Investigating judge Renaud Van Ruymbeke died this Friday, May 10 at the age of 71. Hailed by the Minister of Justice for his work against corruption in France, he had worked on several historic cases.

“Judge Renaud Van Ruymbeke has left us”. It was the Minister of Justice, Eric Dupond-Moretti who announced, this Friday, May 10, the death of the investigating judge known to be a figure in the fight against corruption in France. “France loses a great magistrate and Justice an immense servant,” continued the former lawyer on X (ex-Twitter), sending his condolences to loved ones.

Renaud Van Ruymbeke was 71 years old and had a large number of cases to his credit, some of which had caused a stir. Before retiring and leaving the courts in 2019, the judge had investigated very delicate political-financial cases: the investigation into Jérôme Cahuzac, the case involving the Balkany couple or even the investigation into the frauds of the trader of the Société Générale, Jérôme Kerviel. Due to his career and his fierce fight against corruption, Judge Renaud Van Ruymbeke “embodied the image of the independent and courageous investigating judge, and will leave an indelible mark in the judicial history of our country” declared the Attorney General at the Court of Cassation, Rémy Heitz, on X after the announcement of the death.
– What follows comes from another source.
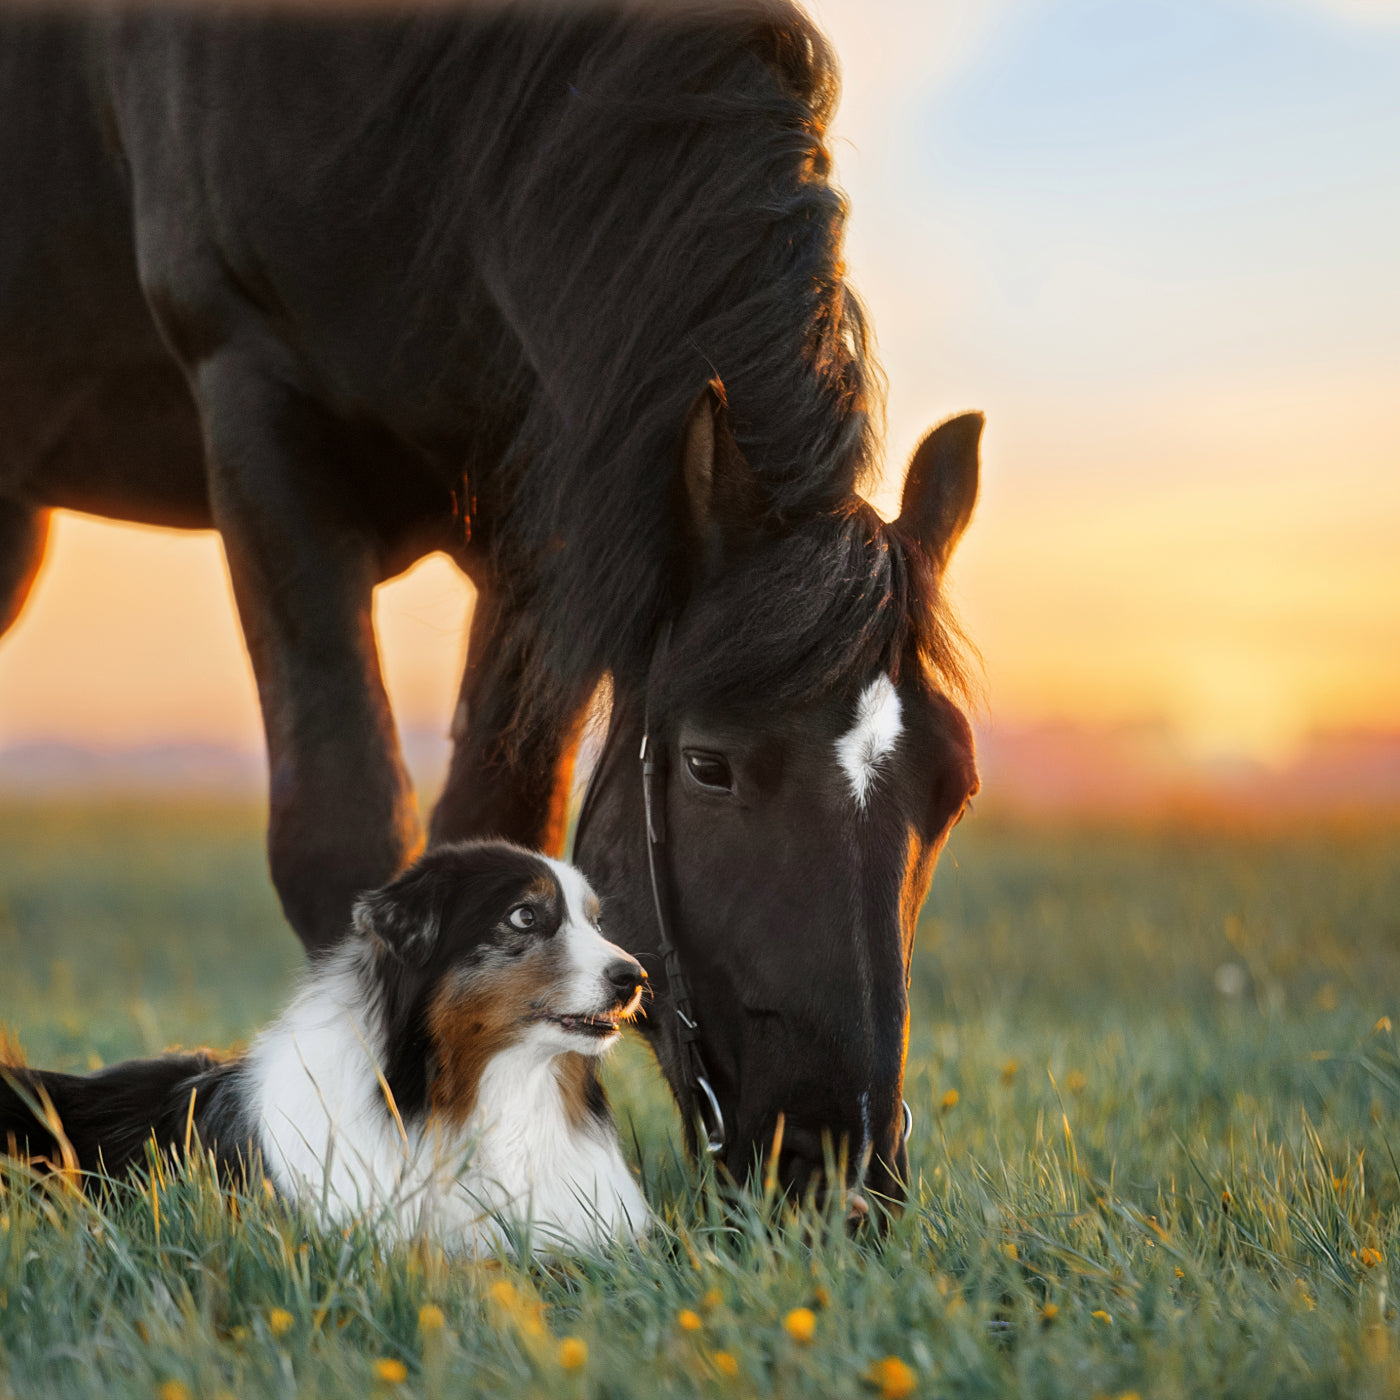 Healthy Dog and Horse in a grassy meadow at sunset. Headley Holistics and Evolved Remedies are unmatched in quality of products, the best horse supplements and holistic dog care

Renaud Van Ruymbeke began his career as a magistrate at the end of the 1970s and after graduating from the National School of Magistracy. But it was in 2000 that he joined the Paris High Court as the first investigating judge in the financial department. His commitment to the fight against corruption had, however, begun before, notably in 2016 when he signed the Geneva Call against corruption.

After his retirement, taken in 2019, the former investigating judge looked back on certain cases from his career in two books published in 2021 and 2022. The first, entitled Mémoires d’un judge trop independant, looks back on his role in the Boulin cases , Urba, Elf, Clearstream and Kerviel. The second, Offshore, behind the edifying scenes of paradises, focuses more broadly on tax fraud. A look back at some of Renaud Van Ruymbeke’s notable cases:

The investigating judge Renaud Van Ruymbeke carried out the first search within a political party in power in France, it was in 1992 at the headquarters of the Socialist Party. The procedure took place within the framework of the Urba affair on the hidden financing of the political party. A long investigation had uncovered a system of illegal financing of political training through the award of public contracts. Some companies, to ensure obtaining a public contract, paid through a system of false invoices small percentages of the amount of the coveted public contract to entities affiliated with the Socialist Party such as Urba. These commissions were then, in part, given to the PS to finance its operations and its campaigns. A piece of machinery that operated from 1973 to 1990.

This case had earned the judge to be considered as an opponent of the PS. Note that the judge also worked on a case linked to the hidden financing of the Les Républicains party.

It is a vast political-financial affair on which judge Renaud Van Ruymbeke worked. The oil company Elf had carried out several overbillings in various businesses and/or buyouts to pay illegal commissions to certain supporters or to finance fictitious jobs in order to remunerate these supporters or their relatives. The affair broke out in 1994 after an investigation by the Stock Market Operations Commission, which became the Financial Markets Authority, which noted an embezzlement of $504 million between 1989 and 1993. The affair involved big bosses and several political figures, notably some who were then members of the executive.

This case involved the actions of Jérôme Kerviel when he was a trader at Société Générale. In 2008, the man was accused of being responsible for the loss of €4.9 billion. The trader had managed, according to the bank, to fraudulently commit 50 billion euros on the financial markets, much more than the total equity of Société Générale. But after having managed to make substantial profits, he suffered several setbacks and was not able to make up for his losses. He would also have led the bank to cover up its actions.

Judge Renaud Van Ruymbeke also worked on the Cahuzac affair in which Jérôme Cahuzac was convicted of tax fraud and money laundering. The man who was then Minister Delegate in charge of the Budget in the government of François Hollande, when the affair broke out in 2012, was accused of having concealed financial funds that he had in an account in Switzerland and in another in Singapore.

Other cases are among those handled by Judge Renaud Van Ruymbeke: the case of the Balkany spouses convicted of tax fraud, but also the case on VAT fraud on carbon quotas. And many more.